Ich kenn jetzt dein mathematisches Vorwissen nicht, aber man kann recht zügig beweisen, dass eine offene Kette (Strecke + Regler) mit integrierendem Verhalten stationär genau ist (keine bleibende Regelabweichung). Dazu transformiert man die offene Kette in den laplace-Bereich und schließt den Regelkreis. Nun kann man die Übertragungsfunktion von Führungsgröße auf Fehler bzw. Führungsgröße auf Ausgang ermitteln. Wendet man den Endwertsatz an, erhält man 0 bzw. 1 für diese beiden Beziehungen. Wenn jetzt deine Strecke nicht integrierend ist, dann brauchst du ein I-Glied im Regler, um stat. Genauigkeit zu erreichen. Das hängt aber sehr oft auch nur von den Ein- und Ausgangsgrößen deines Systems ab. Bei instabilen Balanceproblemen (inverses Pendel, Ball, Rakete, ...) wird in der Regel der Ort/Winkel geregelt und nicht die entsprechenden Ableitungen Geschwindigkeit/Winkelgeschwindigkeit. Die Eingangsgröße ist aber meistens dieselbe (irgendeine Kraft/Moment). Da siehst du schon, dass die Strecke bei Positionsregelungen ein Integrationsschritt mehr im System hat...

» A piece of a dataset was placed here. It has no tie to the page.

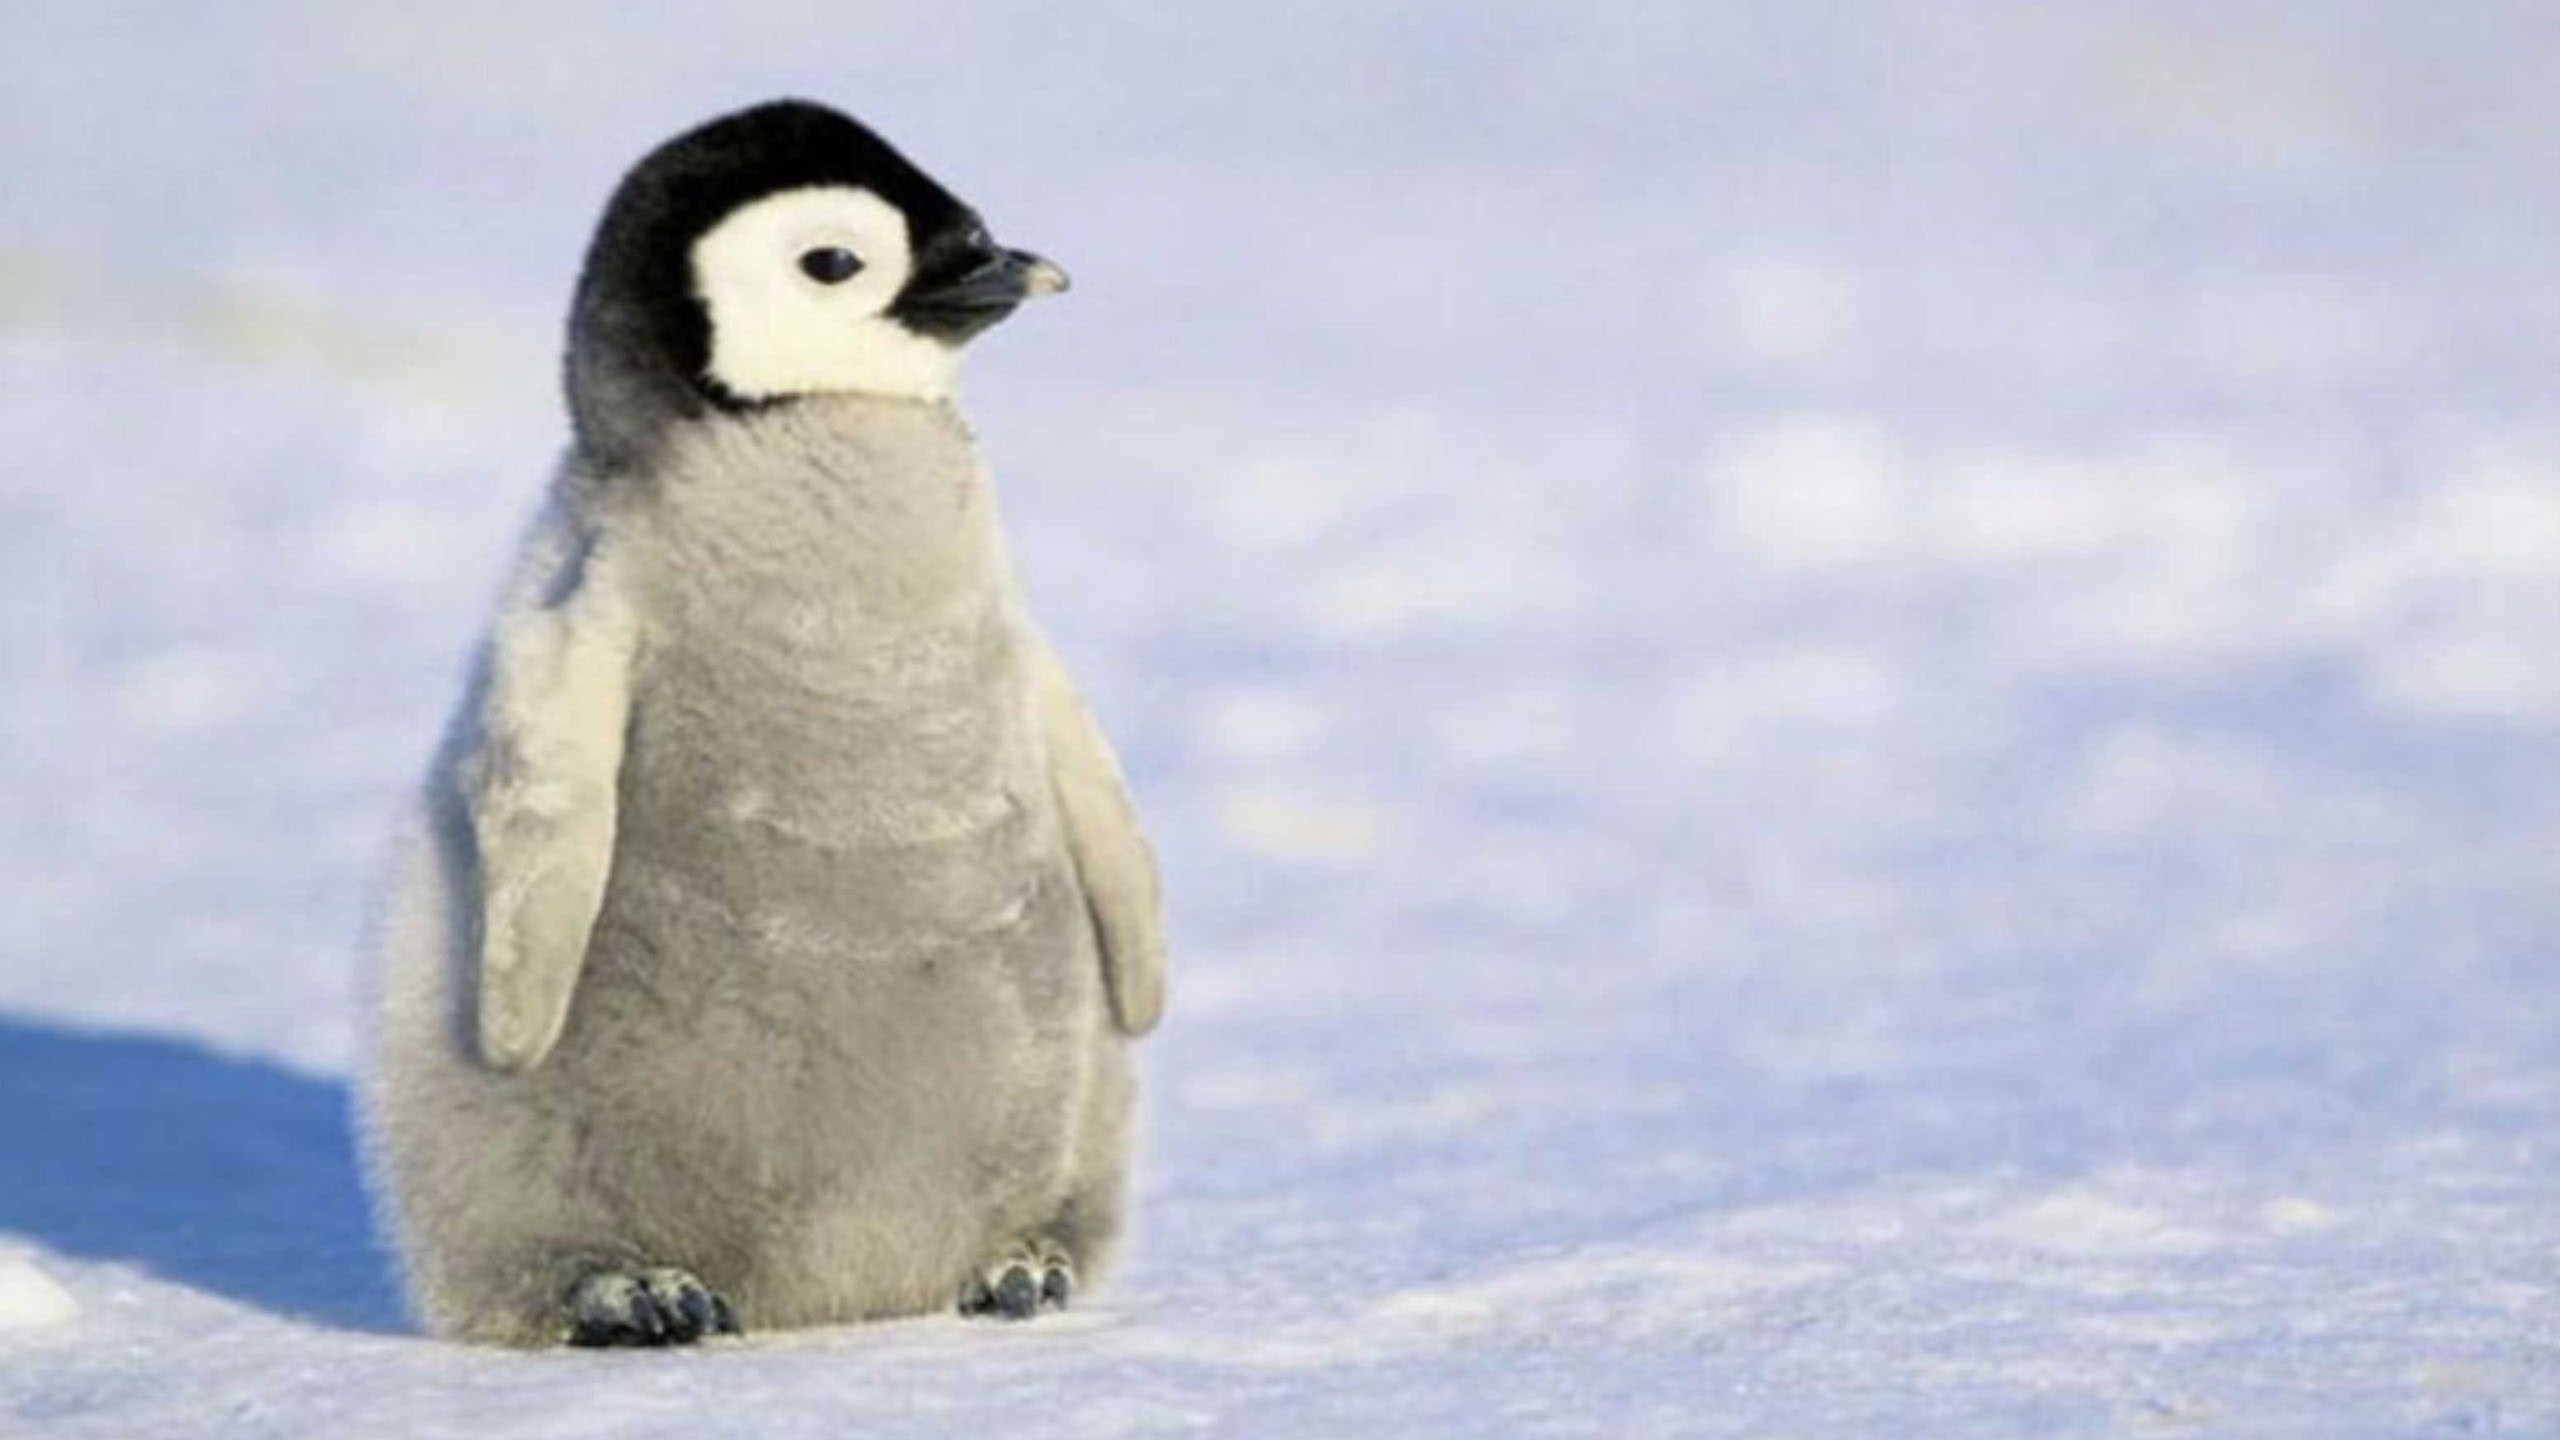 Charming Penguin Baby - High Quality Baby Penguin - HD Wallpaper

Bin auch am Thema. Kennt jemand gute Tutorials die über Wikipedia hinausreichen?
das sind keine tutorials, aber ich glaub auch nicht, dass es mit tutorials einfach so geht... http://books.google.de/books?id=etyrPAAACAAJ&dq=föllinger+regelungstechnik http://books.google.de/books?id=yRTfnpVx-GUC&printsec=frontcover&dq=lunze+regelungstechnik dürfte jede Bib einer TU haben.
Danke für die Antworten! :-) Ich bin noch damit beschäftigt über eure Antworten nachzudenken. Ich glaube, die Grundzüge verstanden zu haben. Um sicherzugehen will ich dazu noch was schreiben, bzw. Rückfragen stellen, jedoch brauche ich noch etwas Zeit um meine Gedanken auszuformulieren. Ich melde mich wenn ich näheres weiß. Spätestens am Wochenende. (Im Grunde genommen poste ich nur, damit es nicht so aussieht als wären eure Antworten umstonst gewesen. Ich finde es immer sehr frustrierend wenn sich der Themenersteller nicht mehr meldet.)